Of course Cherise didn't let Bertie be with her for the birthing. Bertie would have understood it better if Cherise had had her own mother there, but Cherise probably didn't even know where her mama was. Cherise had to have a cesarean section. Bertie started to follow along behind her and Bobby when they wheeled her to surgery. Cherise pointed at her, real mean, and said, “Not her!”
Bertie sat with James in the waiting room until Bobby came out, looking shaky. “It's a girl. They're both okay. They took Cherise's liver out and laid it to the side to get the baby out, I swear to God.”
Bertie didn't know enough about anatomy to know if he'd seen right or not, but he got green telling it.
“I liked the old days when the daddy got to wait in the lobby and pass out cigars,” James said.
Bertie was so doped up when she had her children, she didn't remember a lot. That was how they did it then. “Where's the baby?” she said.
Bobby motioned down the hall. “They're cleaning her up, then you can look through the window and see her.”
Bertie didn't need to be told twice. She took off down the hall. The nurse was writing “Owenby” on a sign on the front of a little crib, and there the baby was. When Bertie saw the baby she didn't care that Cherise and Bobby hadn't included her in the birth. The baby was just precious. Perfect little hands and feet, not too fat or thin, those big, knowing eyes peeking out from under the beanie they'd put on her head to keep her warm. Bertie couldn't get enough of her.
Bobby and James came up behind her. The nurse saw Bobby and mouthed, “Do you want to come in?” Bertie nodded yes for him, and the nurse motioned them around to the door.
The nurse asked Bobby, “Do you want to hold her?”
His eyes got real big, like he wasn't sure.

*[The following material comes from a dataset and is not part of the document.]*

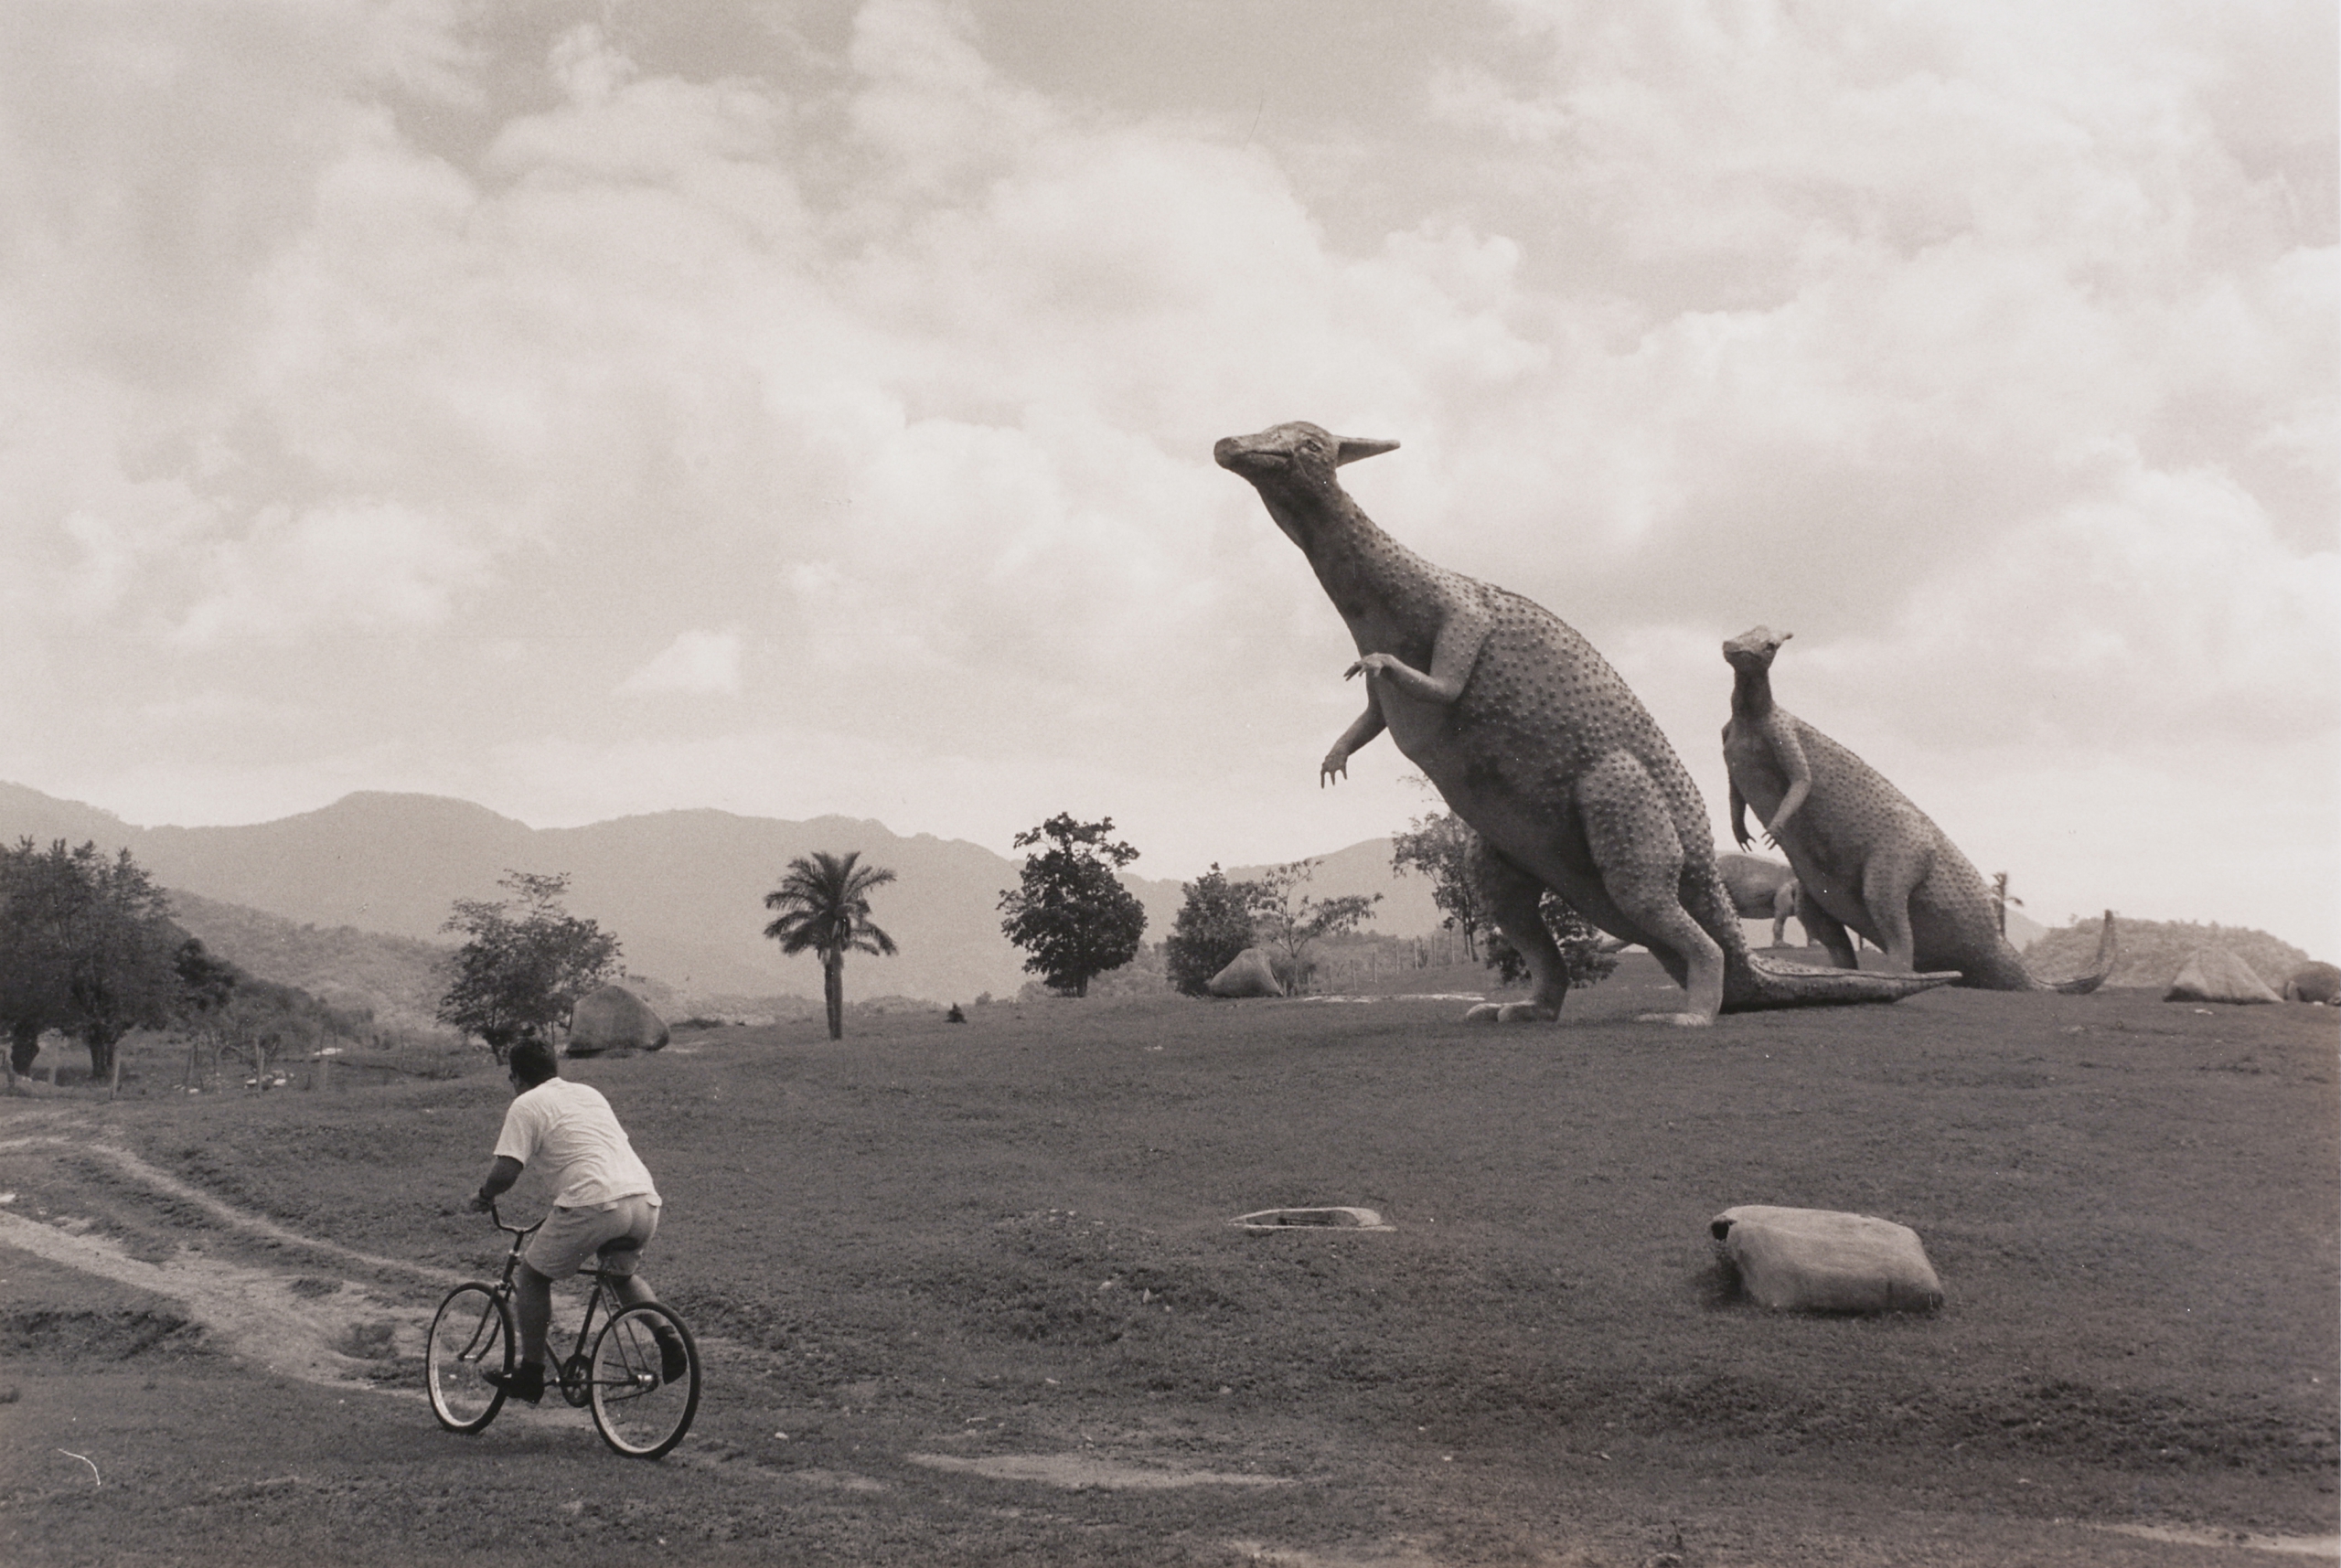 Tony Mendoza. Dinosaurs near Guantanamo Bay, from the Cuba: Going Back series, 1996. © Tony Mendoza. Collection of Lehigh University Art Galleries.

“Yes, he does,” Bertie said.
The nurse lifted the baby out of the crib, wrapped in her blanket, and laid the baby in Bobby's arms. Bertie tucked the blanket in and made sure Bobby supported the baby's head. The baby started to fuss, smacking her lips and arching her back. Bobby looked scared to death.
“Give her here,” Bertie said. He handed the baby over, and she settled right into Bertie's arms. Bertie tickled the baby's palm with two fingers, and the baby grabbed hold. In the clutch of the little fist, Bertie felt like she'd been handed another chance, a feeling she hadn't had in forever. She needed another chance.